All these national political ads trashing this town all day. Why would anybody want to come and visit Washington, D.C.?

I'm going to go find out.


DOMINICK: Why are you in D.C., this terrible, toxic place?

UNIDENTIFIED FEMALE: Because I wanted to come to the Smithsonian.

DOMINICK: Has anybody tried to give you any money under the table to -- no?

UNIDENTIFIED FEMALE: Not yet. No. I'm going to see -- DOMINICK: What are you seeing?

UNIDENTIFIED FEMALE: -- the first lady's dresses.

DOMINICK: Ooh. Now, that I could get into.

Where are you visiting from, sir?

UNIDENTIFIED MALE: I came to see the National Museum of American History.

DOMINICK: The National Museum of American History? Sir, you're lying to me. You're a corrupt lobbyist lobbying on behalf of big cheese.

UNIDENTIFIED MALE: Oh, yes, that is true.

DOMINICK: You're guys are having a terrible time, aren't you?



DOMINICK: Are you lobbying on behalf of the big lollipop lobby?

Stop, don't come to Washington.

The money's changing the hands. Nothing is what it seems here, Miss.

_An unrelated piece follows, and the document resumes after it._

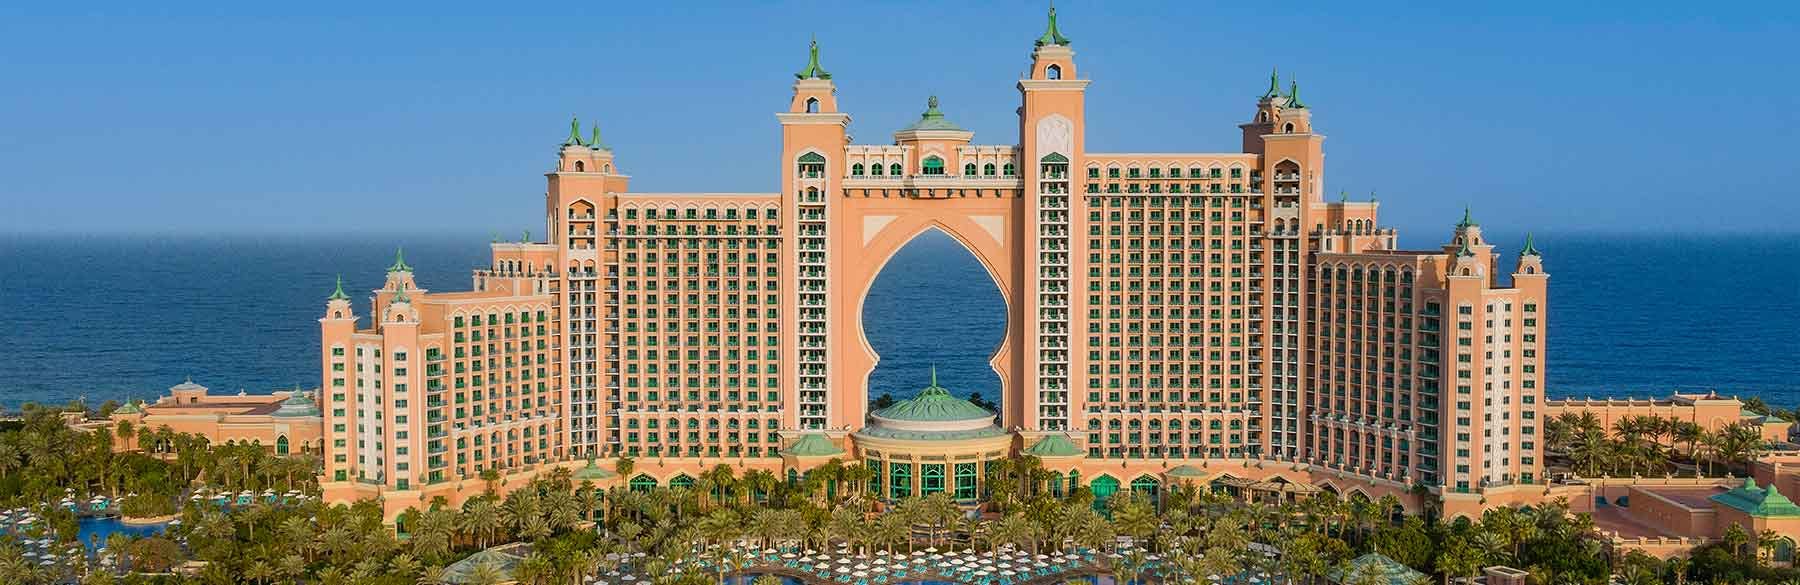 Atlantis, The Palm, Dubai

I'm a woman.

UNIDENTIFIED FEMALE: Yes, you look like one.

DOMINICK: You know what's in the fountains? Congressmen are meeting in there, and they're meeting their special interest cohorts. Did you know that? You keep your eyes peeled.

Thank you.

UNIDENTIFIED MALE: There's no corruption here.

DOMINICK: You didn't see any corruption in the Smithsonian?

What on earth are you doing in this corrupt, lobbyist-ridden, crime-ridden, special interest, terrible town?

What are you thinking?

UNIDENTIFIED MALE: I'm thinking it's really hot.

DOMINICK: Well, I know it's hot, sir. I'm a mammal.

There you go. One, two, three -- D.C.!



DOMINICK: There you go, Jessica. A lot of good reasons to come to Washington, D.C., after all. Maybe I was a little too cynical.

You know what? I'm off to check out some of those inaugural ball gowns. I'll see you tomorrow.

YELLIN: Thanks, Pete.

And that's all from us tonight.

"RICK'S LIST PRIMETIME" starts right now.